» **Assignment**: When you reach a picture, skip it, and retype every line below exactly.

» **Recorded data**:
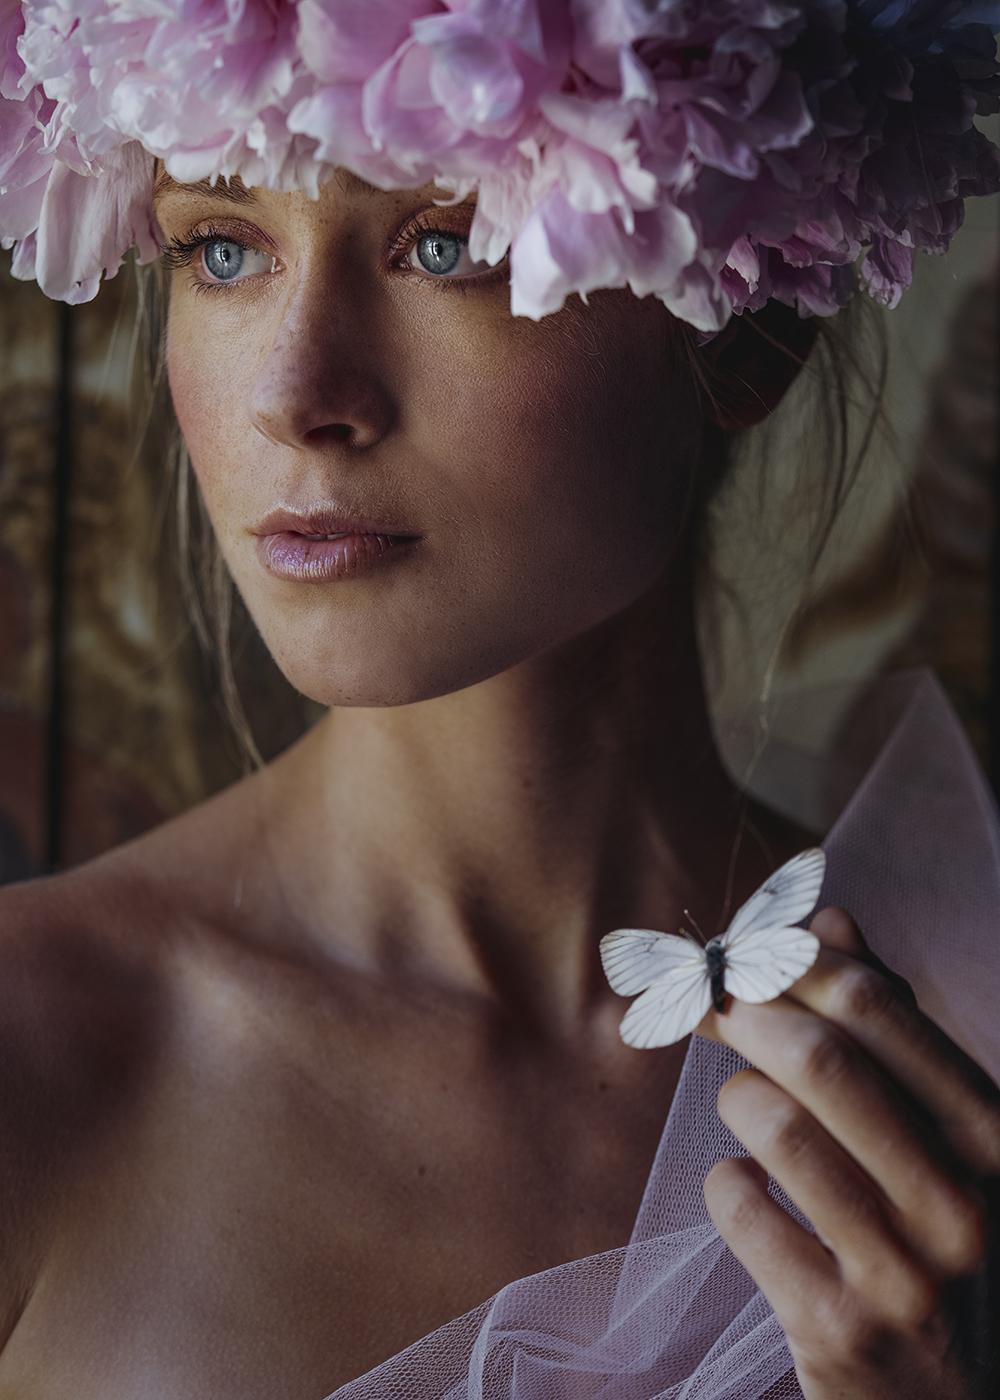 Photography by Aiala Hernando
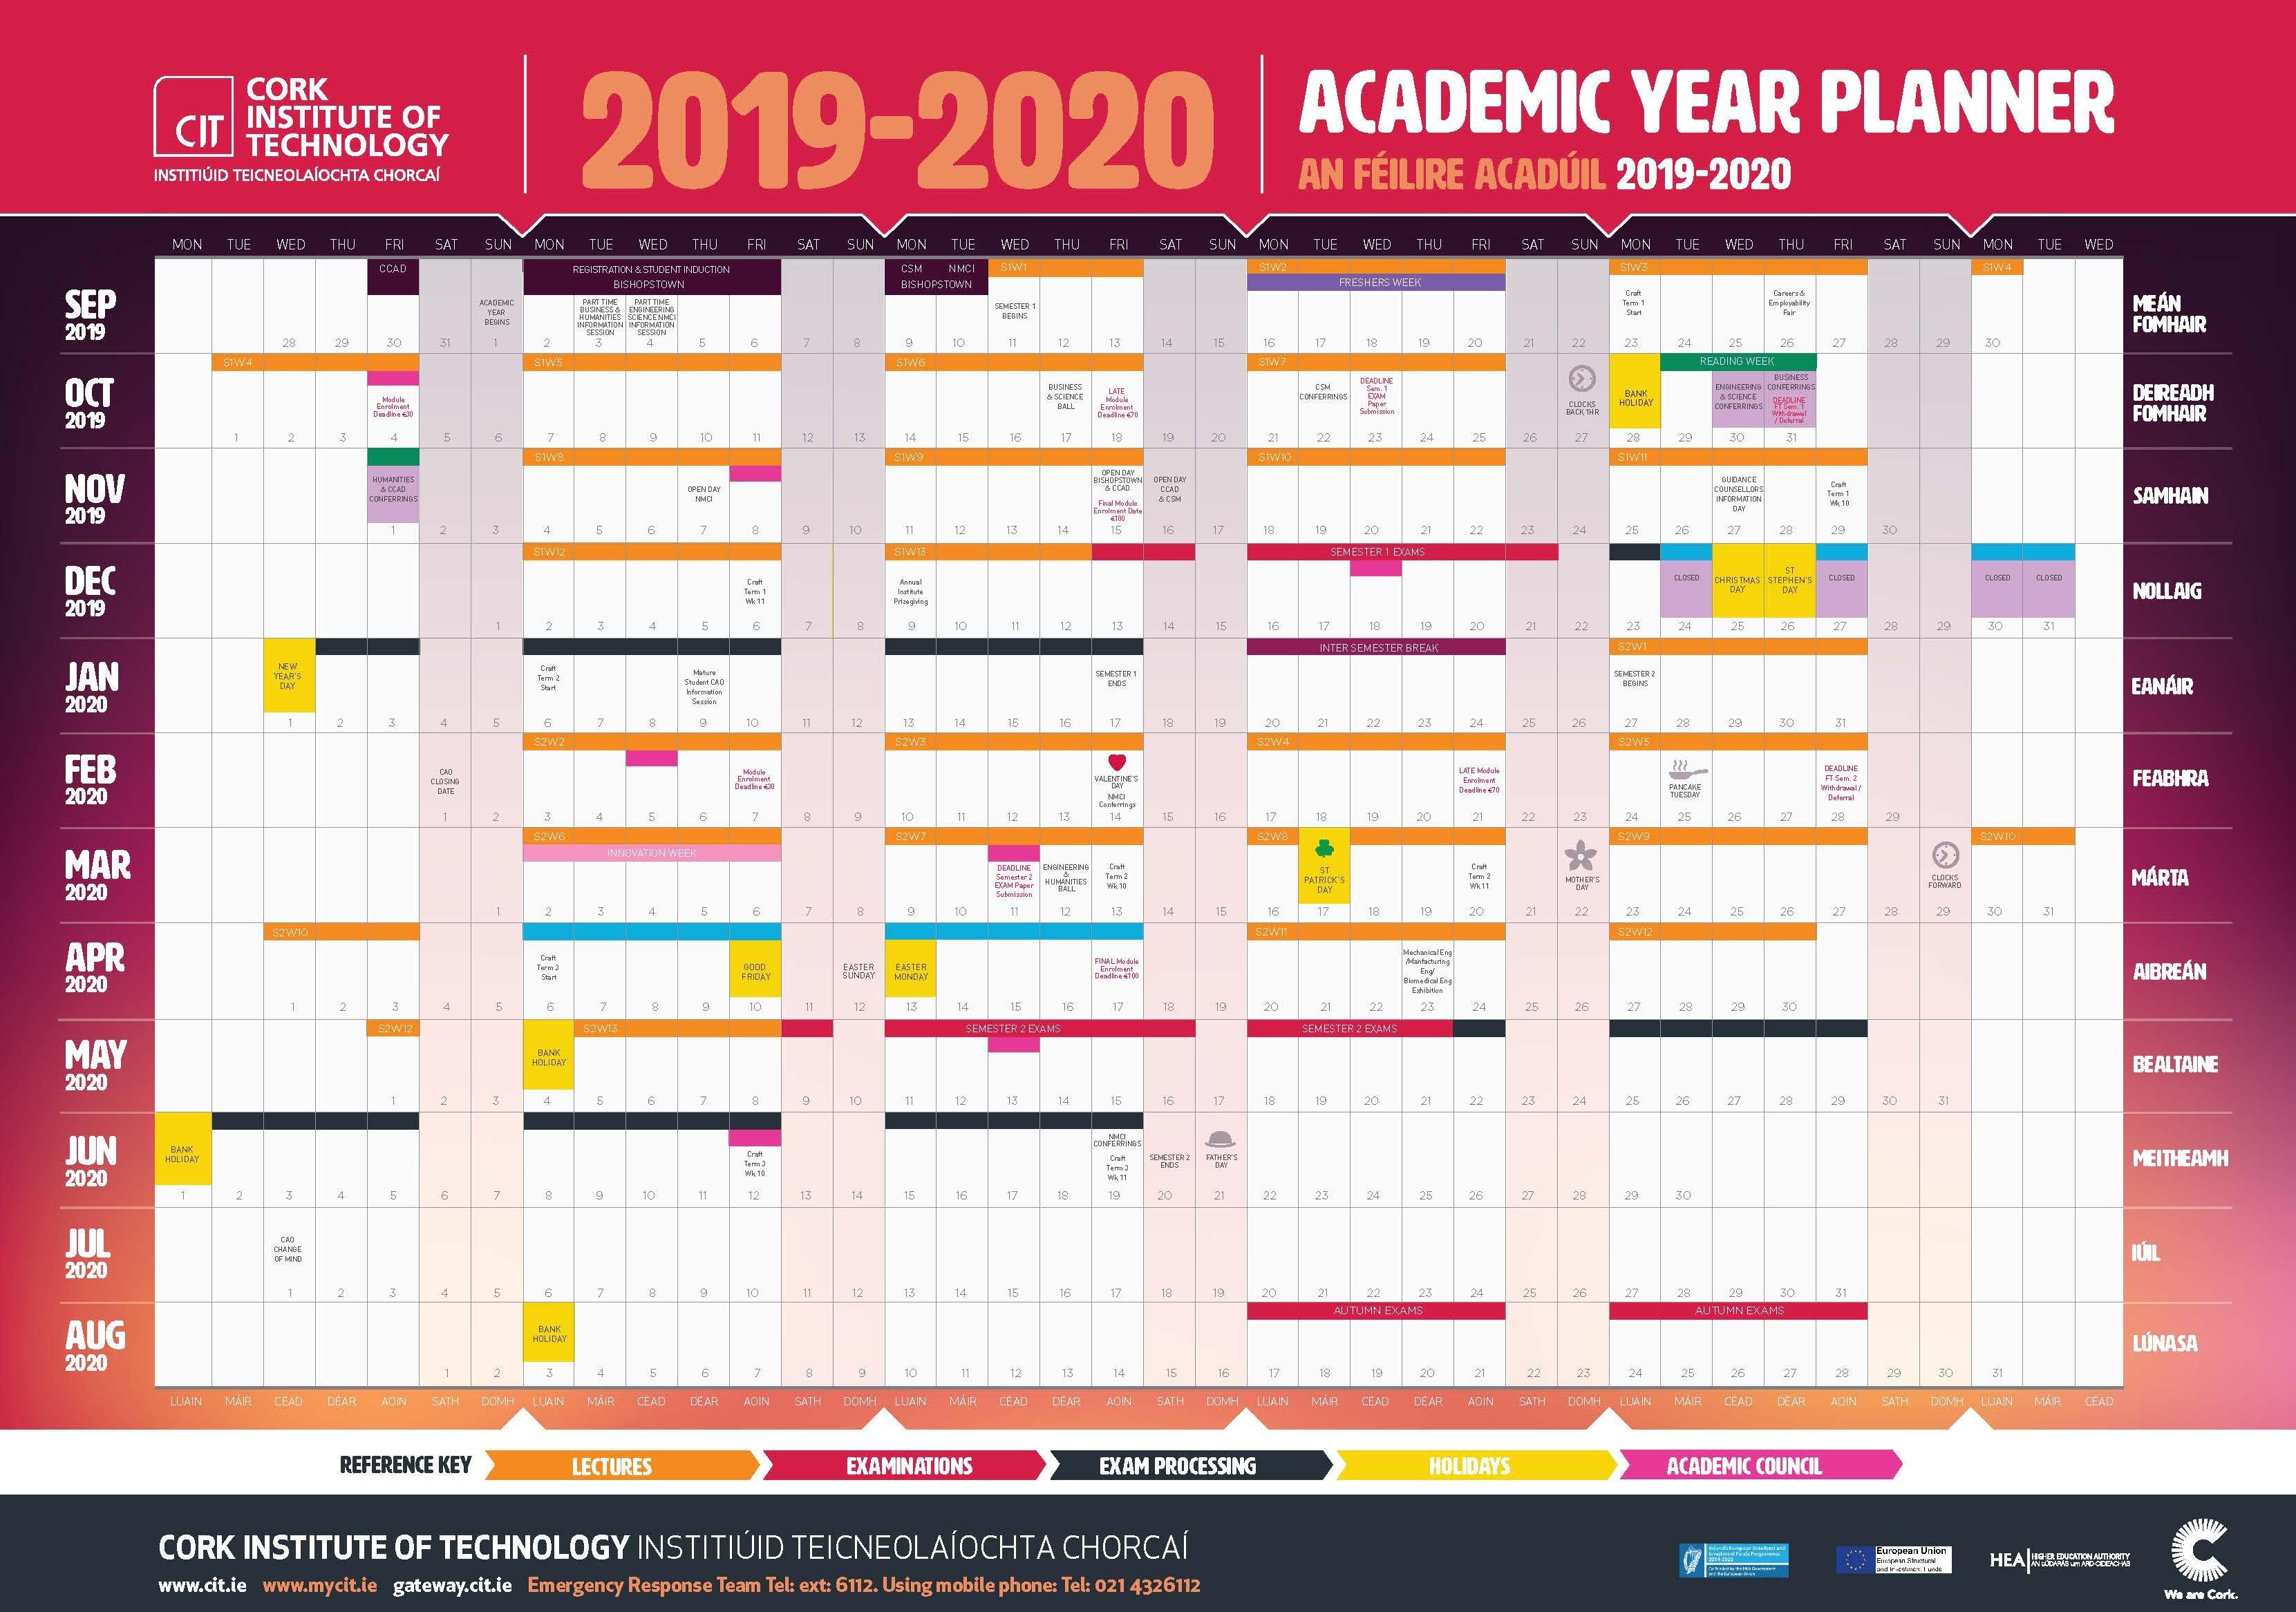 Cit – Cork Institute Of Technology – Semester Dates And Calendar Hr Calendar For The Year
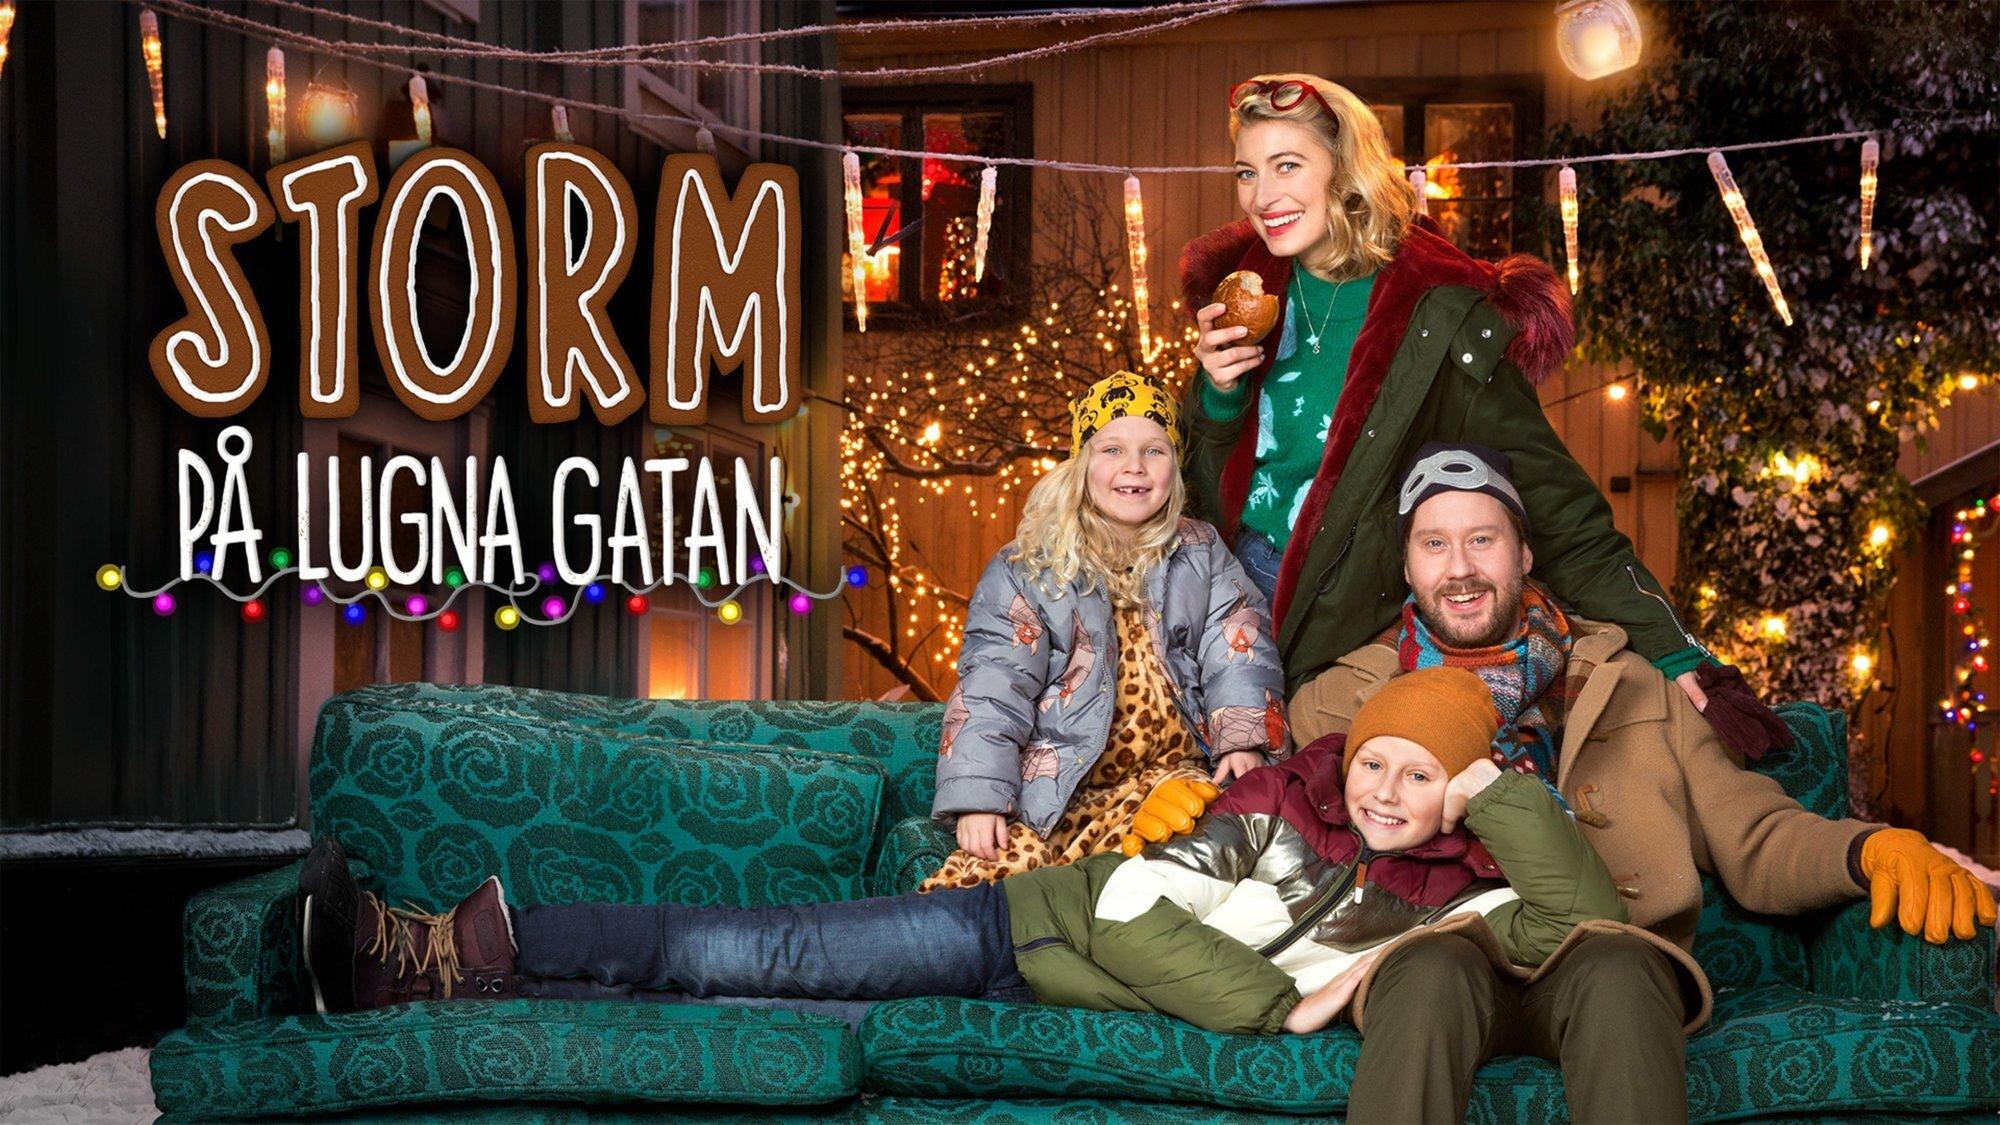 Julkalendern: Storm på Lugna gatan
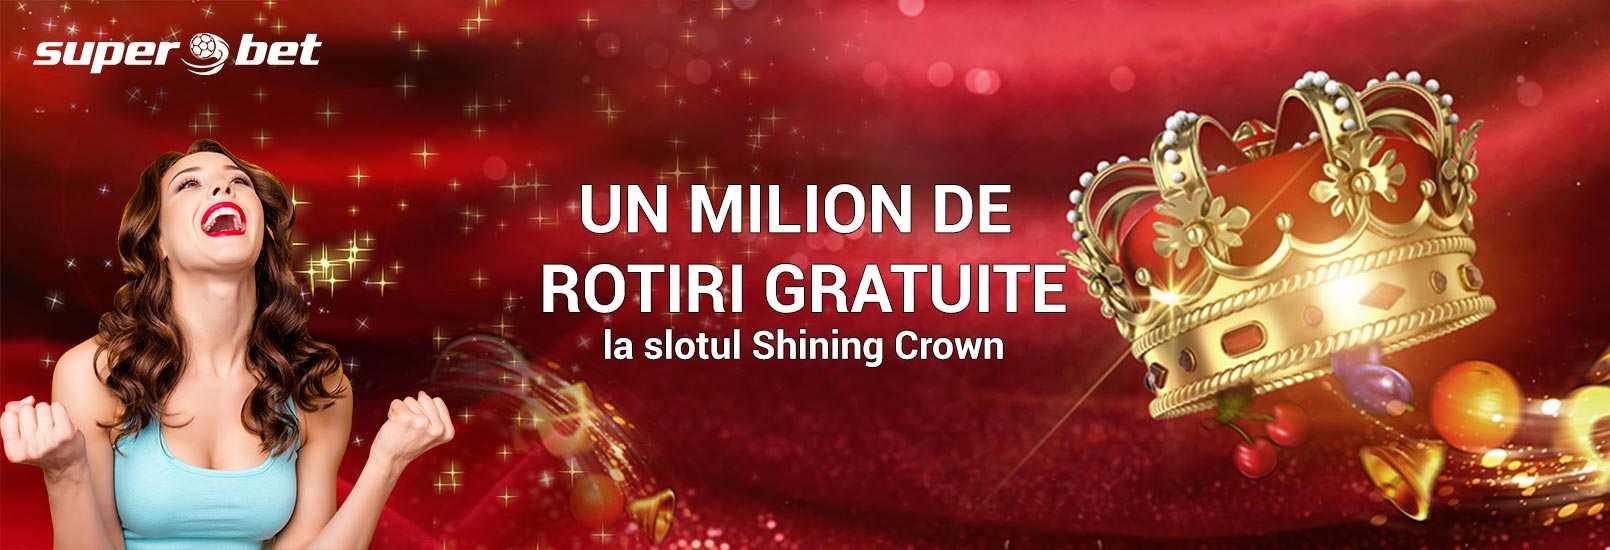 oferta cu un milion de rotiri gratuite shining crown

» **Solution to this task**:
 Photography by Aiala Hernando
 Cit – Cork Institute Of Technology – Semester Dates And Calendar Hr Calendar For The Year
 Julkalendern: Storm på Lugna gatan
 oferta cu un milion de rotiri gratuite shining crown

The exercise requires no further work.